##### Information shown

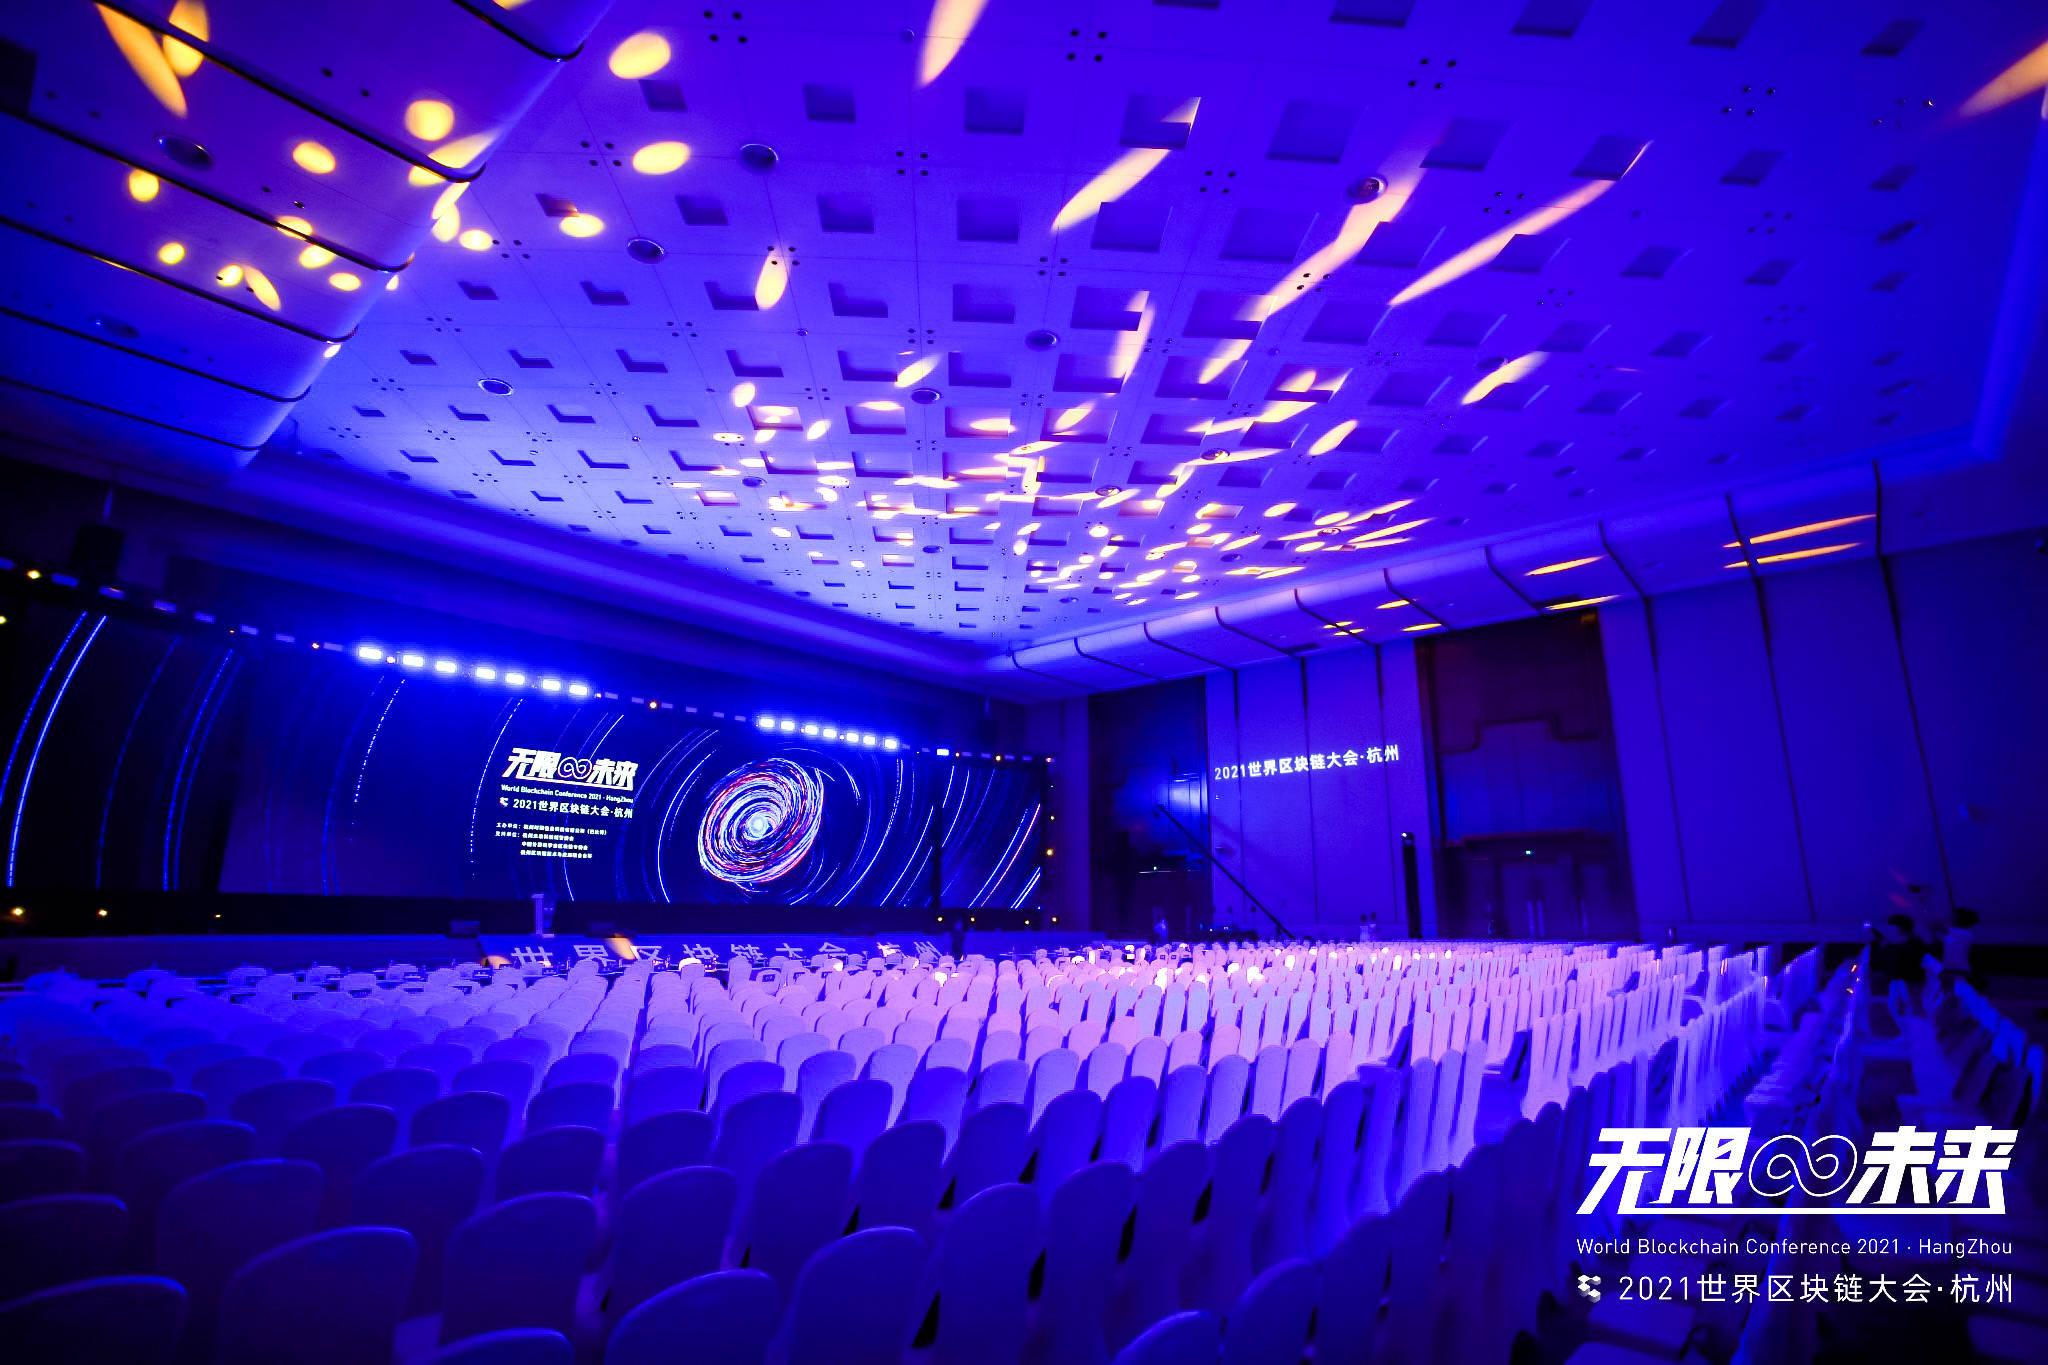 Firefly萤火虫受邀参与2021世界区块链大会|回顾
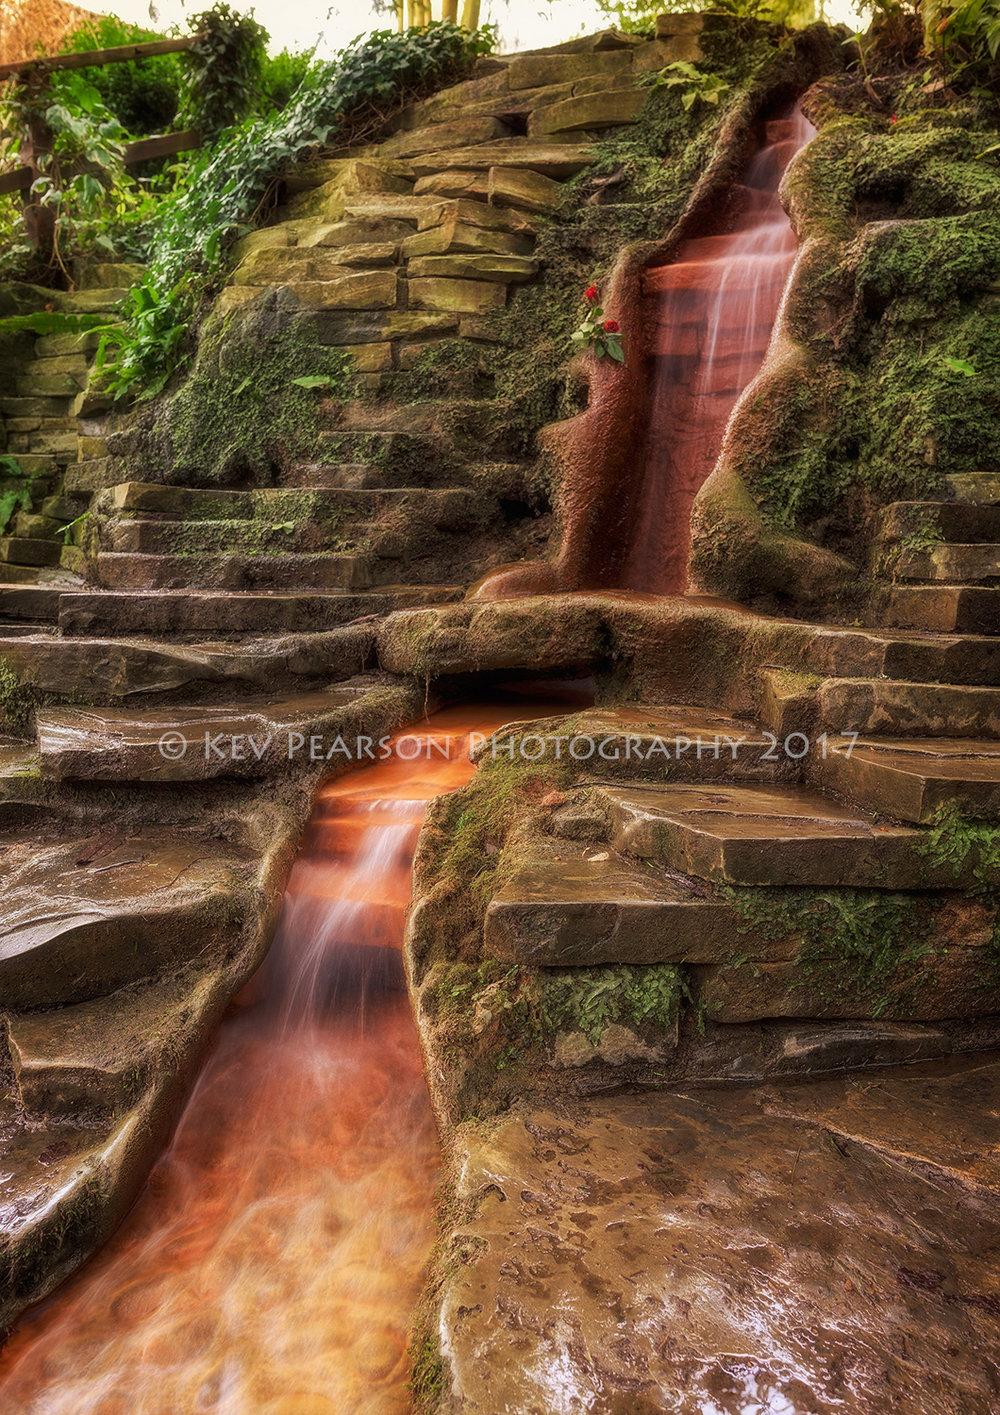 King Arthur's Waterfall -
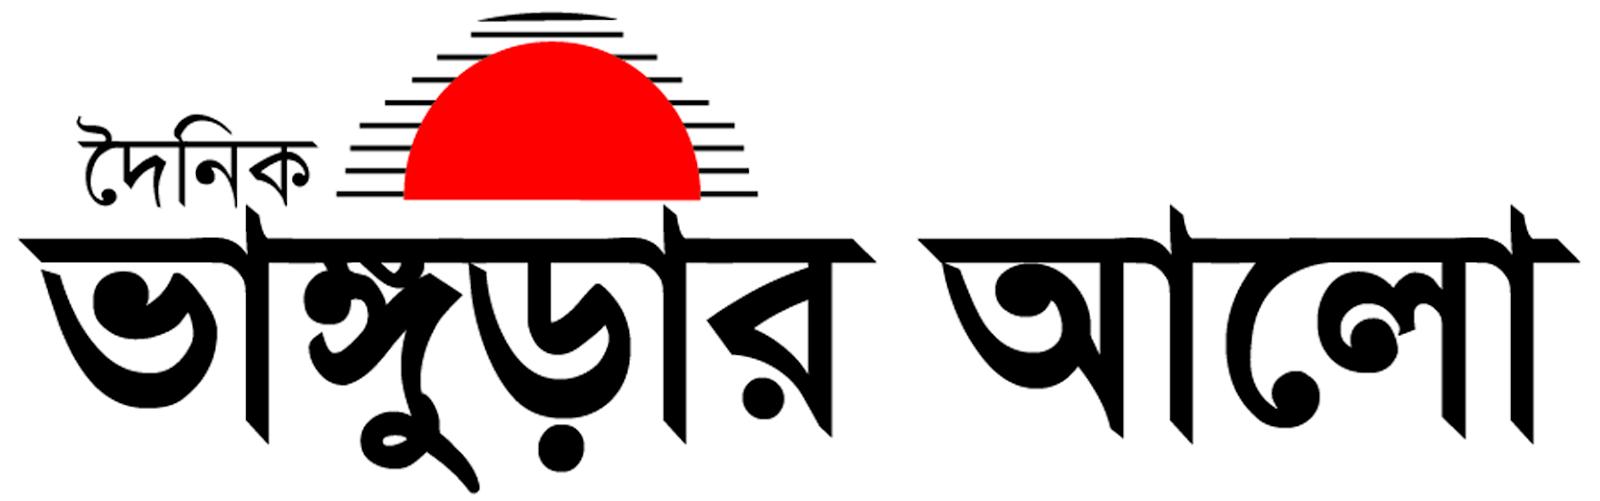 Bhangurar Alo - ভাঙ্গুড়ার আলো
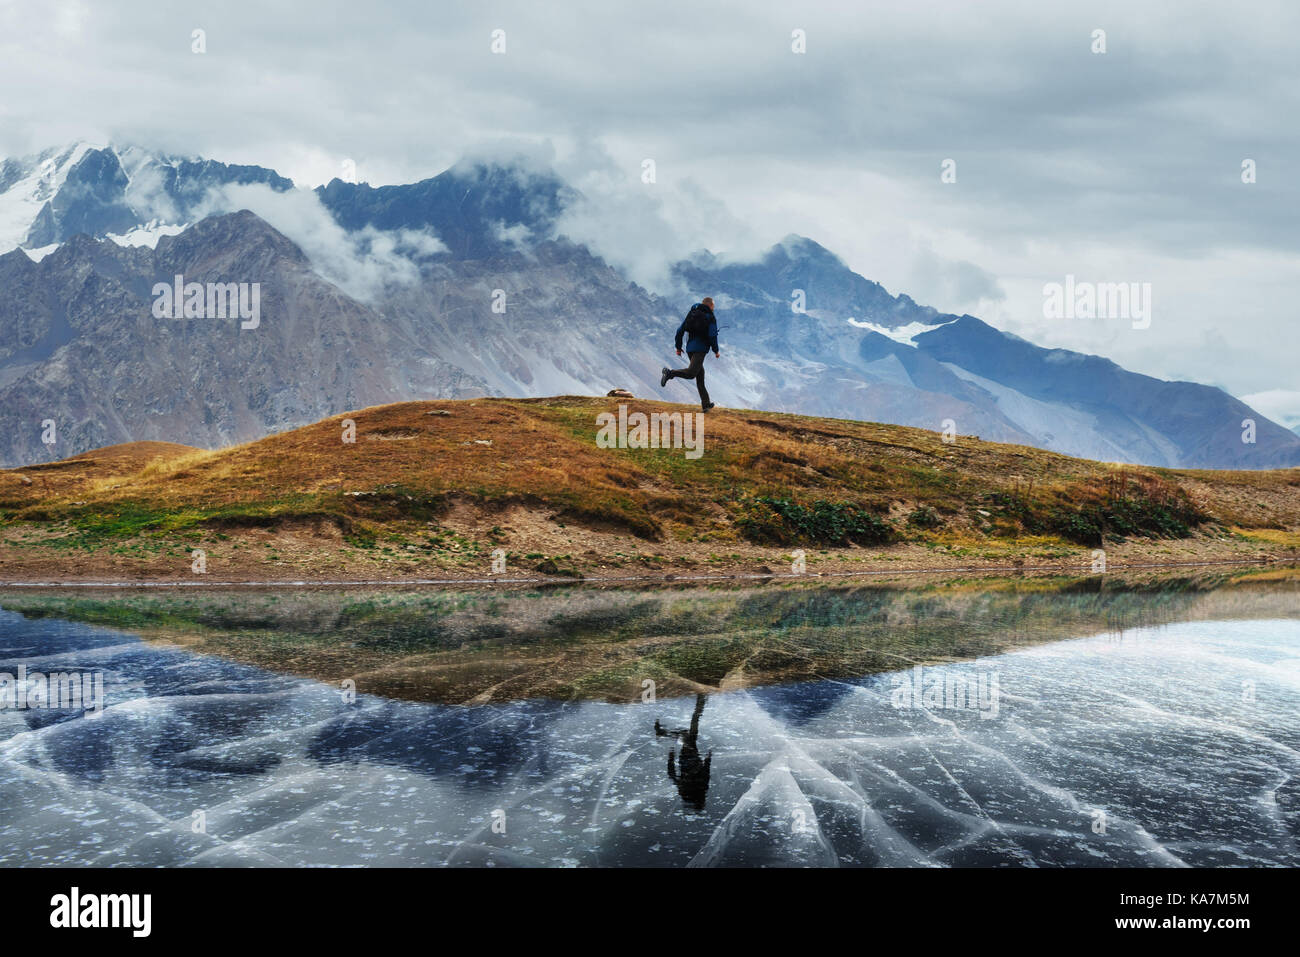 Landscape on mountain frozen lake Koruldi. Upper Svaneti, Georgia, Europe. Caucasus - Stock Image

##########

- About this task: Write out again, word for word, the lines from the one holding "King Arthur's Waterfall" through the final line of the listing, including both ends but no pictures.

- Solution:
 King Arthur's Waterfall -
 Bhangurar Alo - ভাঙ্গুড়ার আলো
 Landscape on mountain frozen lake Koruldi. Upper Svaneti, Georgia, Europe. Caucasus - Stock Image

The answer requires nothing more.